Increase in arterial stiffness (reduction of aortic compliance, Cas) casues a left shift in interventricular (VV) delay (shorter delay) of maximal (optimal) cardiac output. Results from a simulation using a lumped parameter cardioavascular model of the cardiac chambers, septum and pulmonary and systemic circulation [71]. For each value of aortic compliance the cardiac output is normalized by the value in brackets

The models [70, 71] can be used to assess the sensitivity for maximizing either cardiac output or systolic pressure as functions of large artery stiffness or total peripheral resistance for both VV and AV delays. Simulation results show that vascular effects on AV delay are much less pronounced than that on VV delay for optimal cardiovascular function [71]. Hence, non-invasive measurements of arterial stiffness parameters (aortic pulse wave velocity) can be incorporated in patient specific simulations for synchronisation of chamber contraction by appropriate AV and VV delays so as to maximise pulse pressure or cardiac output.

Conclusions

Although changes in heart rate are inherent in cardiovascular adaptive mechanisms, there is an emerging acceptance of heart rate being associated with cardiovascular risk, high blood pressure, and all-cause morbidity and mortality. The determinants of arterial pressure are related to the interaction of the pulsating ventricle at a given frequency and the elastic and geometric properties of arteries determining arterial stiffness. Hence, a case could be made for heart rate to be considered as an integral parameter when performing the basic measurements of blood pressure and pulse wave velocity. In addition, heart rate is relevant when blood pressure is measured in a peripheral location (as is conventionally measured in the brachial artery) and making conclusion on effects of pressure on the heart since the relation between central aortic and peripheral pulse pressure depends on both the pressure pulse waveform characteristics and heart rate. It follows, therefore, that heart rate should also be taken into account when considering cardiac effects of pharmacological anti-hypertensive agents and in statistical treatment of cardiovascular risk factors in large scale epidemiological studies.

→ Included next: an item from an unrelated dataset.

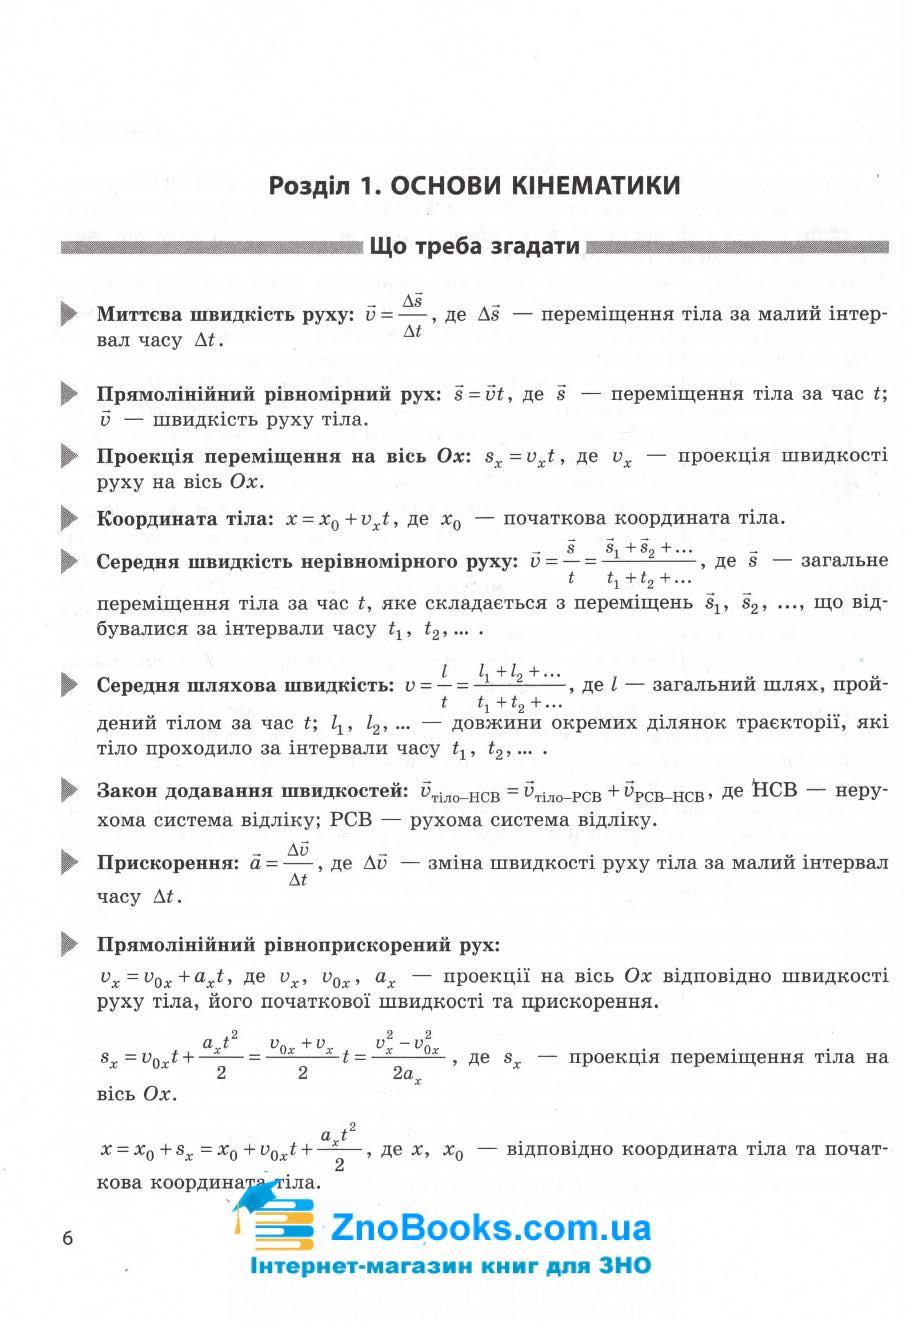 ЗНО 2022 фізика в тестах. Енциклопедія тестових завдань : Гельфгат І. Ранок. купити 6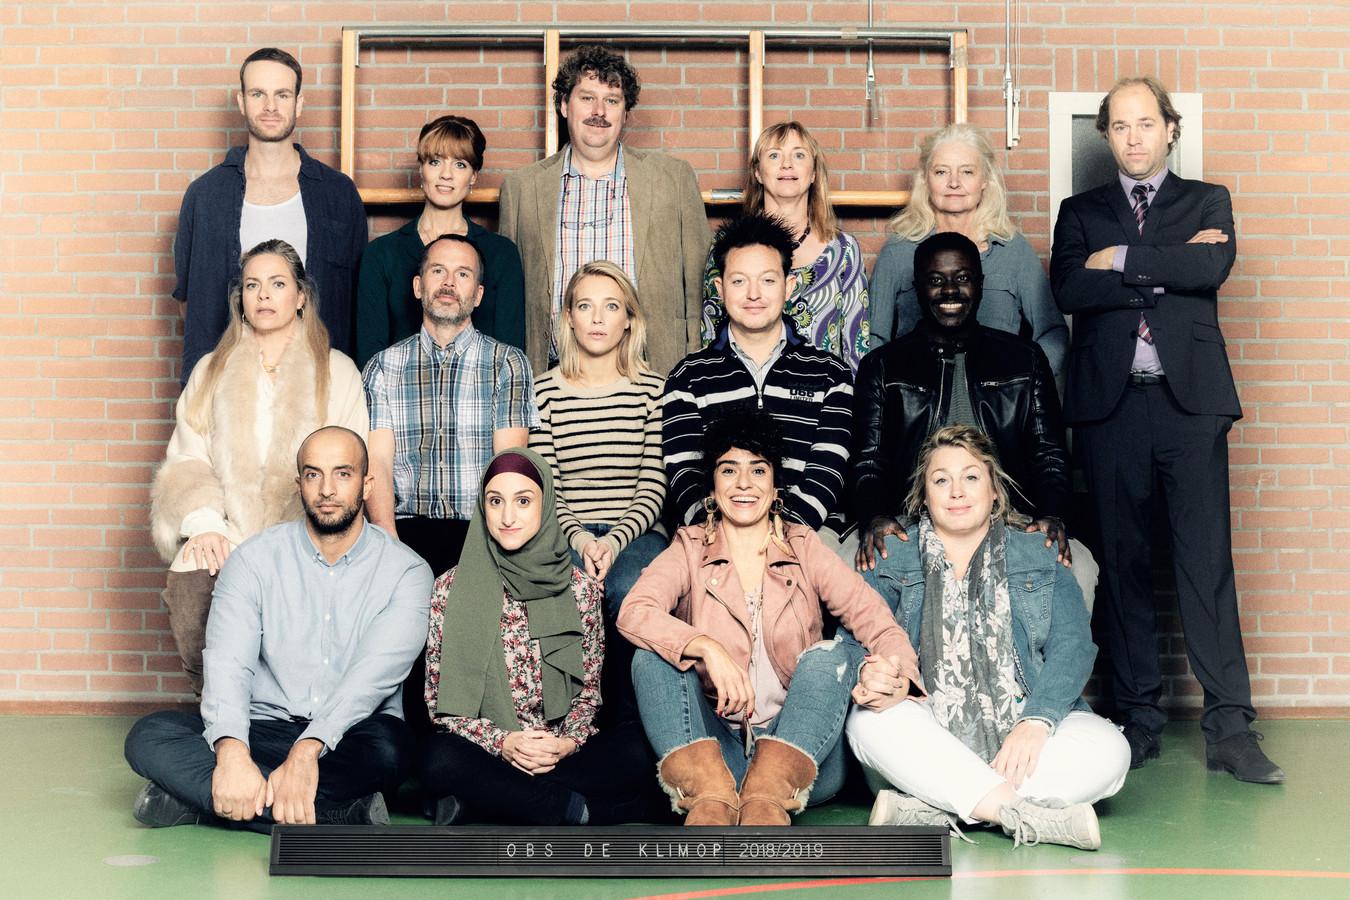 De nieuwe cast/schoolfoto van De Luizenmoeder seizoen 2.

There is also potential for the use of heart rate in other clinical interventional procedures, such as correction of irregular heart rate due to asynchrony of the contracting cardiac chambers through cardiac pacing and CRT. By use of cardiovascular models of the heart and pulmonary and systemic circulation systems, it has been shown that arterial stiffness can have a significant effect in modifying AV and VV delays for optimal CRT performance in maximizing cardiac output.